ТОП авторов и книг ИСКАТЬ КНИГУ В БИБЛИОТЕКЕ
Каждый день был напряженнее и в большей степени навевающим тоску, чем предыдущий.
Сегодняшний день будет другим, думал Генрих. Сегодня они приедут в Сан-Албано и там, наконец, он увидит мать. Солнце было уже на полпути к закату, когда Генрих, натянув вожжи, вдруг почувствовал дрожь то ли от предчувствия, то ли от страха. А что если Маргрит стала не такой, какой он ее помнит? Может ли женщина быть такой красивой? Такой хорошей? Прошло четырнадцать лет с тех пор, как они видели друг друга. Сейчас в глазах людей он видел то, чего бы не хотел видеть. Они тоже сознавали это. Джаспер иногда побаивался его. Неужели его мать тоже испугается?
Генрих намеревался вначале зайти в свою комнату, смыть с себя дорожную пыль, надеть свежую одежду, чтобы мать могла гордиться им. Слуге, который открыл ему дверь, он бросил резко:
– Где леди Маргрит?
Когда вместо ответа слуга сначала поклонился ему, он готов был разорвать его от нетерпения.
– Она в зале, – сказали ему.
Не в силах больше выдерживать медлительность слуг, он сам распахнул дверь в зал. Она была там. Два шага он сделал еще с чувством достоинства, остальные пробежал, отбросив в сторону всякое достоинство, мимо великолепных мантий, упал на колени и зарылся головой в платье Маргрит прежде, чем она успела встать. Он ничего не говорил, а она лишь гладила его светлые волосы. Его шапка упала от неистовства чувств, а она повторяла его имя снова и снова, как будто это давало ей ощущение реальности момента встречи. Это было чудесно, это был рай. Рыдания потрясли его.
– Генрих, – сказала Маргрит, – мы здесь не одни.
Он оцепенел, как будто она ударила его, и Маргрит склонилась еще ниже над ним.
– Мой дорогой, любовь моя, мне все равно, но позже, не сейчас.
Реальную встречу теперь нельзя было больше откладывать.

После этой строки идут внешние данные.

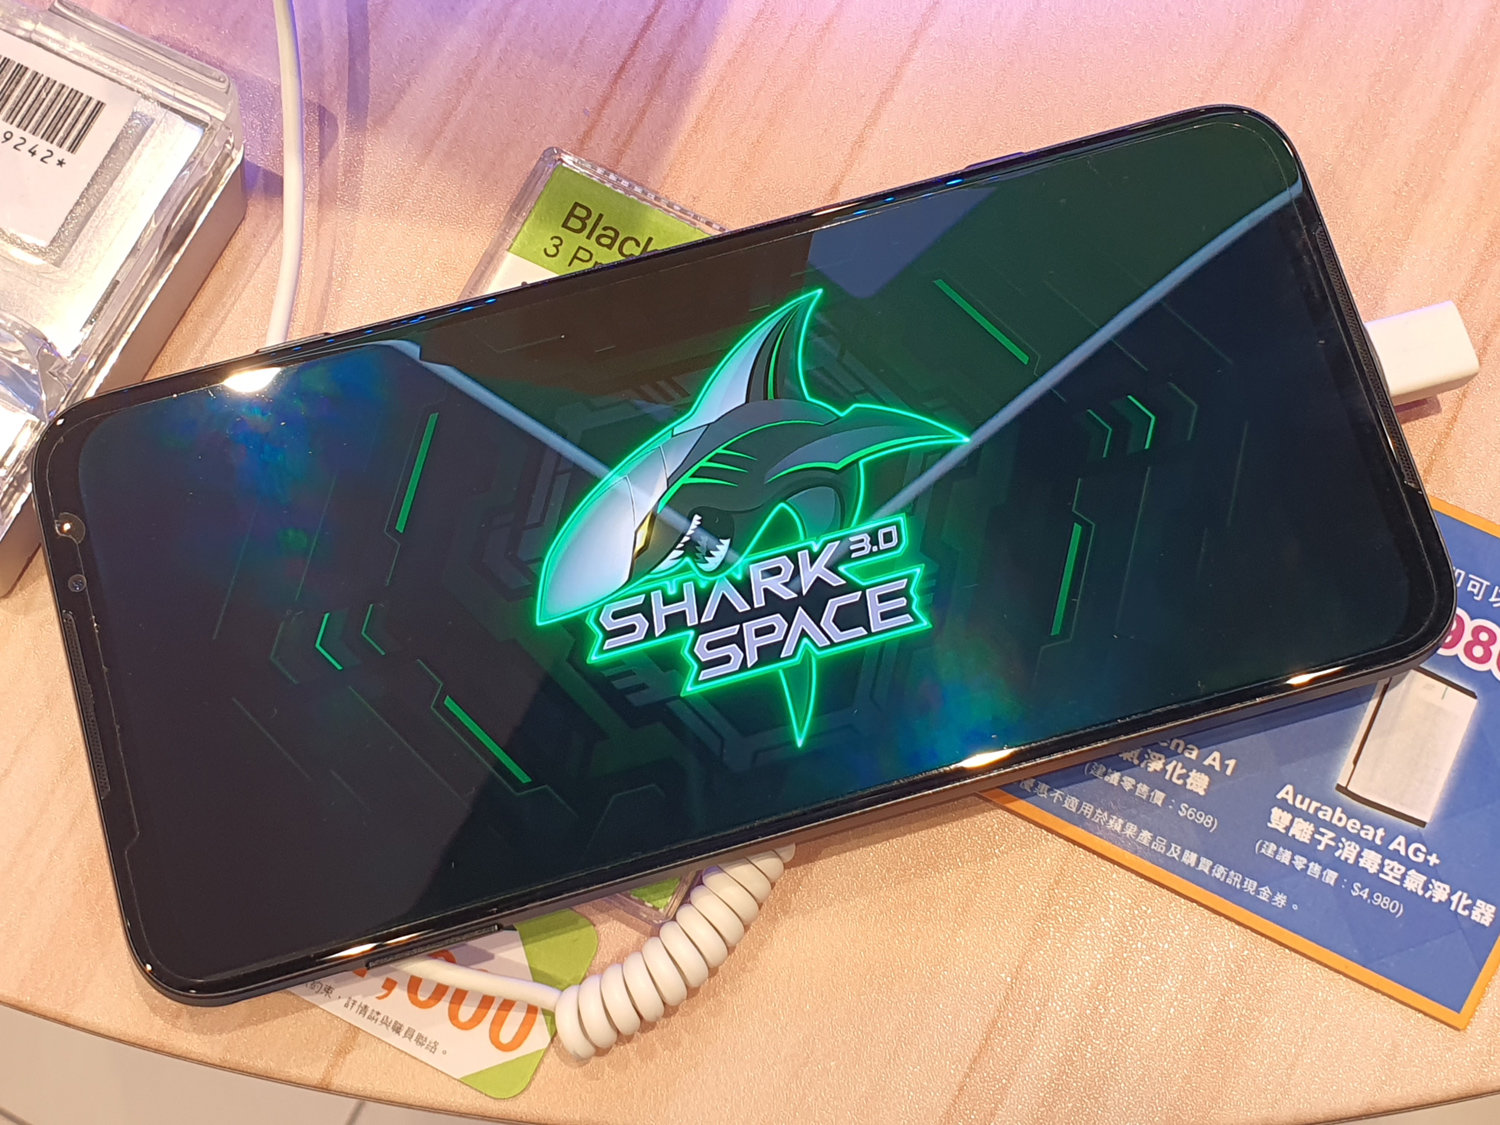 BlackShark3 5Gゲーミングスマホ SIMフリー日本語版 - スマートフォン本体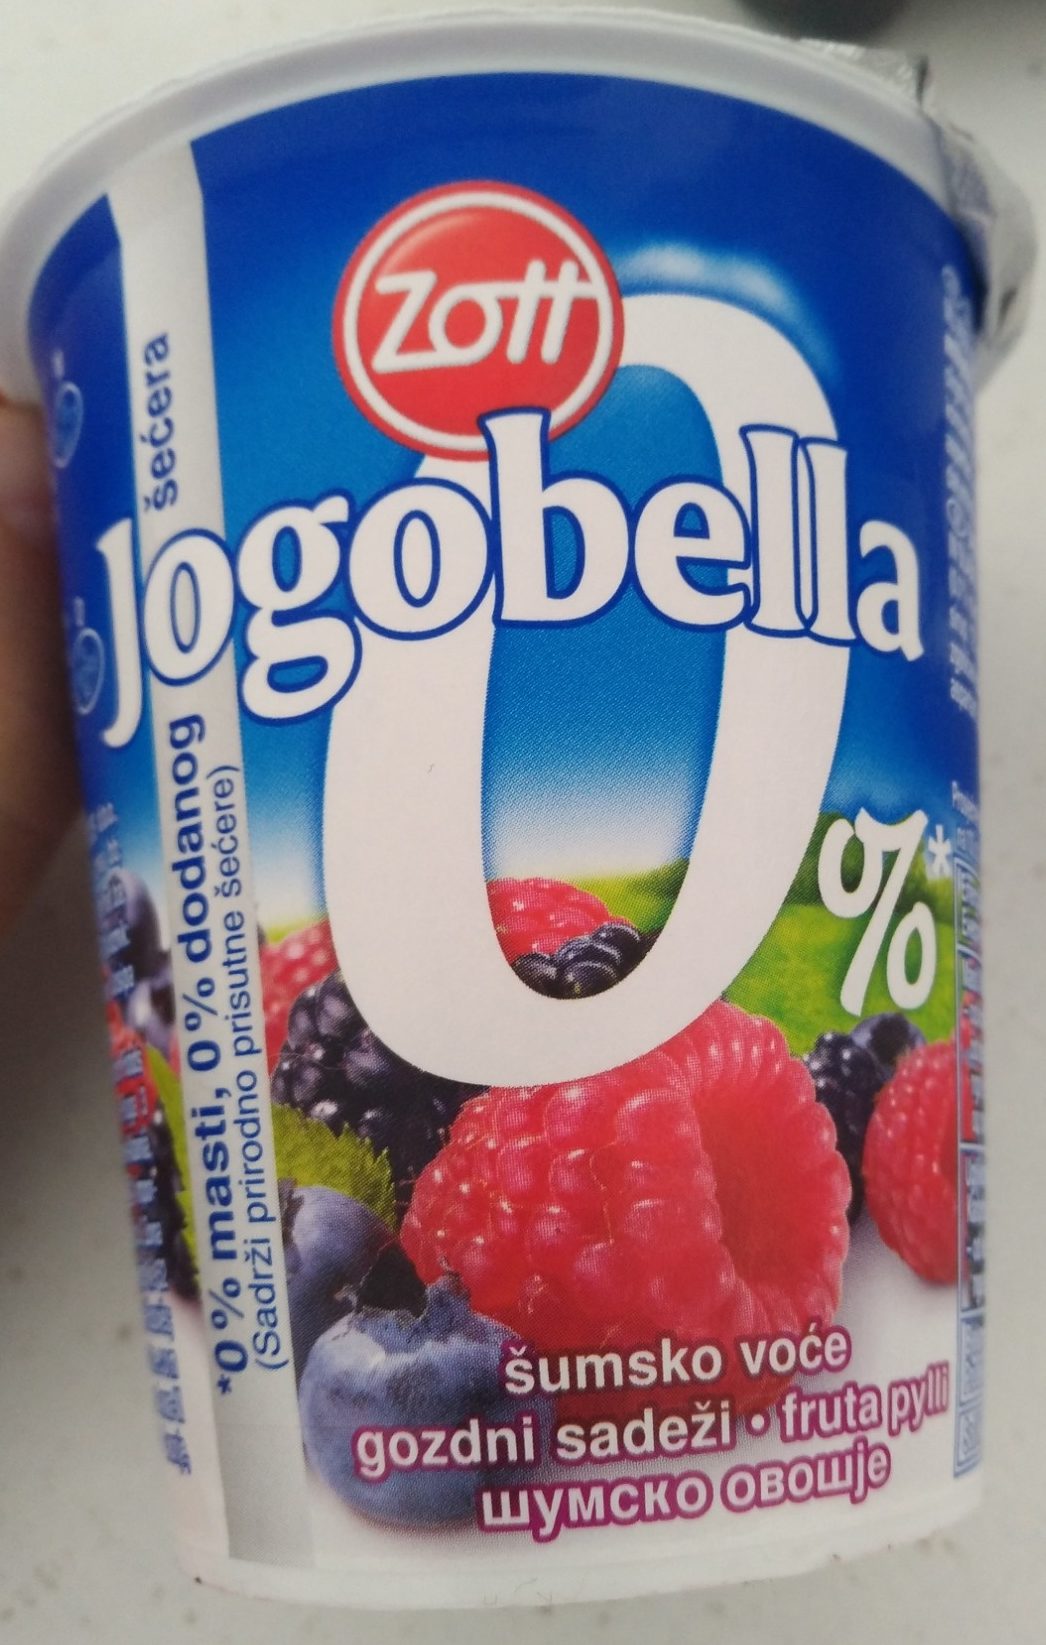 Zott Jogobella 0% - Product - sq

Генрих поднял голову, и их глаза встретились.
Разве может не плакать сын от радости, приветствуя мать, по которой он тосковал четырнадцать лет? Ресницы его были влажные, но губы смеялись. В глазах матери его была только радость и страстная любовь. Если и было в ее душе что-то другое, то в этот момент оно исчезло.
– Ты слишком худой и слишком уставший, но ты счастлив?
– О да, я счастлив.
– Твоя слава опережает тебя. Ты молодец, мой Генрих.
– Когда моя мать думала, что ее единственный цыпленок небезупречен?
Наступила очередь Маргрит рассмеяться.
– Я никогда так не думала. – Затем она пришла в себя, окинув его лицо испытующим взглядом. – Ты сейчас не идеален, хотя уже прошел через чистилище.
Господи, – молилась она про себя, – не дай мне отправить его в ад моим стремлением к нему.
– Отошли своих женщин, мама, – попросил Генрих, – мне так много надо тебе сказать.
Маргрит прикрыла рукой рот Генриха, а в глазах ее было предостережение.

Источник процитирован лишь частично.